Issues to reflect on in general the débat (and do let me know if you need a copy of the Hicks edition
for the week: I have a copy of my own as well as one in SHI library that I could access for you and
leave at Lodge). Your focus here will be the letters (in the Hicks volume), but, if you've time, with
also a glance at Christine's Epistre au dieu d'amours, so we have a prose-verse comparison. For an
introductory look at what's at stake in the débat, see the chapter on it in the Casebook on Christine
de Pizan (ed.
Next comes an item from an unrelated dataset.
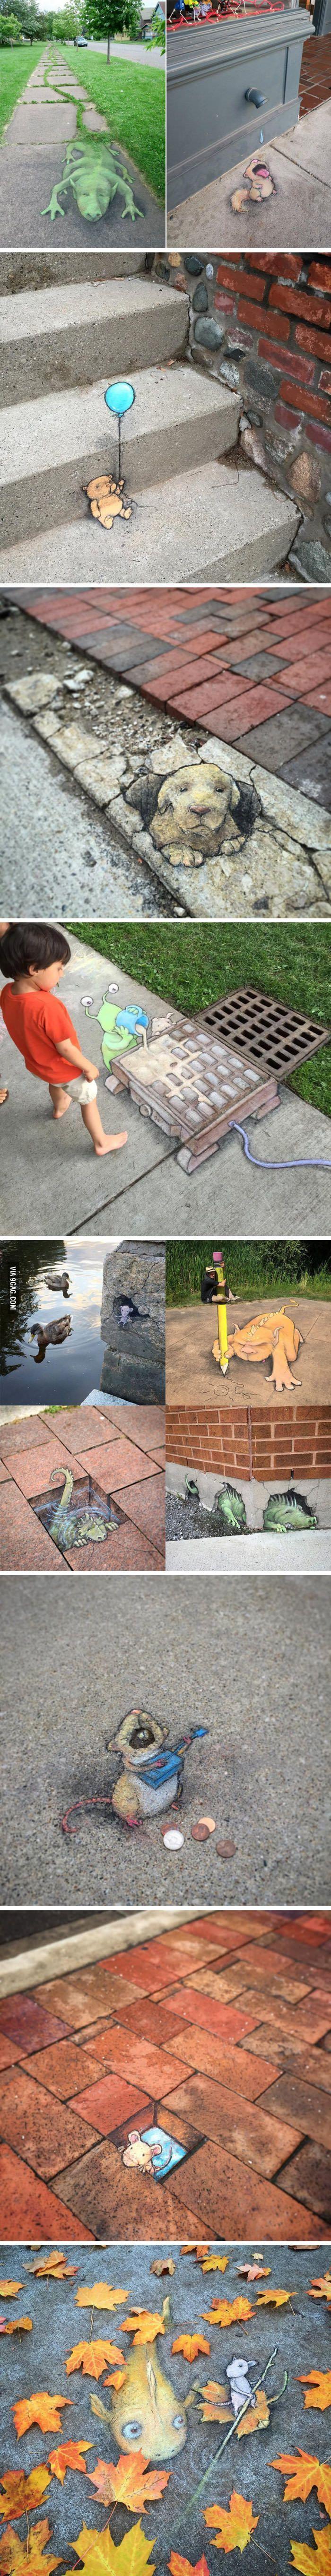 Adorable sidewalk art pops up in Ann Arbor - 9GAG

McGrady and Bain) and also the introduction to McWebb's volume:
- the main points of contention up for debate here: what’s actually being debated most strongly?
What is most controversial to those involved?
- the role/treatment of gender in the debate: gender in the Rose itself and gender amongst the
participants in the debate
- the views of art (i.e. literary creativity's nature and status) that emerge from/underlie different
participants' stances
- the different ways of tackling Jean de Meun's Rose (either pour or contre): on what grounds is it
defended? What approaches are taken to reproving it? Is it the book or its author that/who are
being targeted more?
- the effectiveness of the debate as a means of addressing points of contention
- to what extent it can be seen as a ‘debate’
For writing something formally, maybe consider one of the following (in relation to the Forest and
any other Rose reception studied thus far):
1. Consider how Rose responses respond to the idea of journeying and landscape [consider in
whatever sense you like: physical, intellectual, poetic, etc.,]
3. "Debate is a framework for opposing views to become entrenched rather than to interact".
Discuss with relation to the Rose and its late-medieval reception.
4. "What connects the first and second parts of the Forest (i.e. the forest journey and the court
scene)?" or
5. "Far from denouncing Jean de Meun, Milet keeps him close and endorses his poetics, if not his
ethics"
4. OR Martin Le Franc
Martin Le Franc, Le Champion des dames, Books 1, 3, and Book 5 from 23625 to end. You can
trim this down (the whole poem is, in any case, 24,000 lines long, so we're already cutting it
down...): make sure you read the digest summary in the introduction to Book 1 and at least top
and tail Book I itself. Book 3 has a lot of Rose-related material, and is also the shortest of the
books, so you may want to focus your attentions there.
There is actually very little criticism on Le Franc (exclude me again, please): the Brook,
Zimmermann, and Muhlethaler items may be worth a look (Go to the International Medieval
Bibliography on OxLip+ (direct link = http://apps.brepolis.net/bmb/search.cfm), then search for
'Martin Le Franc, poet' in 'All fields')
For essay writing (bringing in whichever authors/texts you wish), how about:
1. "A defence of women is frequently both an essential, but ultimately incidental, part of a
response to the Rose"
OR
2. 'In appropriating Jean de Meun's Rose, many medieval writers sought to make it "proper"'.
Discuss.
5. Review session
We’ll be wanting to have in mind from this point what you’re considering for your coursework
submission: whether you’re working up an essay/two essays already completed or whether you’re
going to do a fresh piece (deadline: end of Week 10).